March comments from Crown Prince Mohammed bin Salman, which indicated that Riyadh would seek a nuclear weapon if Iran did, have further stoked concerns that the Saudis could use US technology for such a program. Furthermore, Washington’s agreement with the UAE allows it to revisit the agreement if the United States secures a more favorable agreement with another country, potentially sparking a nuclear arms race in the region.
The Saudis have hired a small army of law firms this year to push the administration and Capitol Hill on the issue. The Saudi Energy Ministry directly hired four firms — Pillsbury Winthrop Shaw Pittman, King & Spalding, Gowling WLG and the office of David B. Kultgen, a former Saudi Aramco executive — in February and March.
Lobbying disclosure forms indicate that Pillsbury met with senior officials at the National Security Council, State Department and Energy Department in March. The firm also met with a staffer for Rep. Gregory Meeks, D-N.Y., who sits on the House Foreign Affairs Committee, in April. In July the firm spoke with another staffer on the House Energy and Commerce Committee about “a staff delegation visit to Saudi Arabia.”
Domestic interests are also weighing in.
According to lobbying disclosures reviewed by Al-Monitor, US-based Westinghouse has spent $540,000 this year lobbying Congress against both the Merkley resolution and a separate House bill — the Nuclear Cooperation Reform Act — that would force the administration to make prohibitions on a nuclear weapons program part of any agreement with Riyadh. The firm hopes that contracts for at least some of the 16 nuclear reactors Saudi Arabia wants to build will help it crawl out of bankruptcy.
The House bill, introduced earlier this year by Middle East panel chairwoman Ileana Ros-Lehtinen, R-Fla., would also require Saudi Arabia to sign on to an additional protocol on nonproliferation with the International Atomic Energy Agency, which Riyadh has not done.
Additionally, Al-Monitor has learned that the Nuclear Energy Institute, a trade association, unsuccessfully lobbied members of the Senate Foreign Relations Committee to go on record with a voice vote when it advanced the Merkley resolution in July. But Chairman Bob Corker, R-Tenn., convinced his committee to advance the resolution unanimously.
Corker told Al-Monitor that it’s unlikely the resolution can get a stand-alone vote on the floor by the end of the year. The Senate is busy with Trump's embattled nominee for the Supreme Court and myriad must-pass spending bills.
“But it could be attached to something else,” said Corker.
Both Corker and Ros-Lehtinen are retiring in January, leaving the future of both legislative items in doubt.

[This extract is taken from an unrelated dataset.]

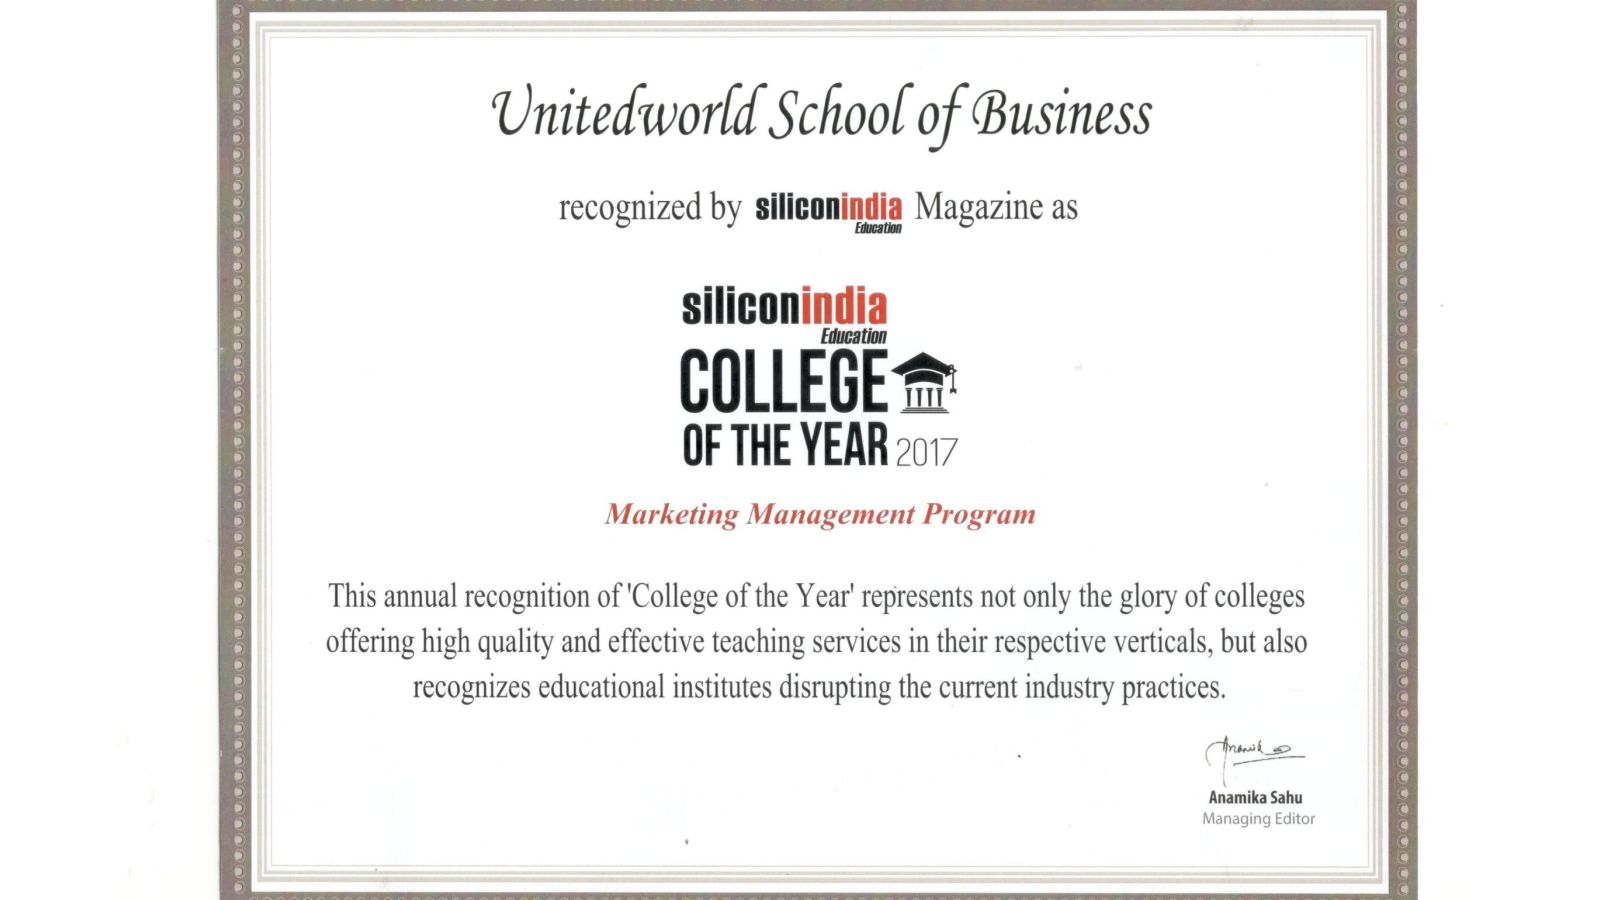 College of the year 2017 – Marketing Management Program Image

The House Foreign Affairs Committee has not yet scheduled a markup on Ros-Lehtinen’s bill.
And Sen. James Risch, R-Idaho, who is likely to replace Corker as head of the Senate Foreign Relations Committee should Republicans hold the Senate in the midterm elections, has been less vocal on the issue. Risch’s home state hosts the Idaho National Laboratory, a nuclear research facility that hopes to build reactors for Saudi facilities.
In an emailed statement, Risch told Al-Monitor that he supports efforts to meet the gold standard with Saudi Arabia.
“However, it is not the only way to achieve the nonproliferation goals the United States advocates. Every [civil nuclear agreement] is different, but every [one] must, at a minimum, adhere to the same nonproliferation goals outlined in the Atomic Energy Act. I look forward to the congressional review a Saudi … agreement would require and ensuring US goals are being met.”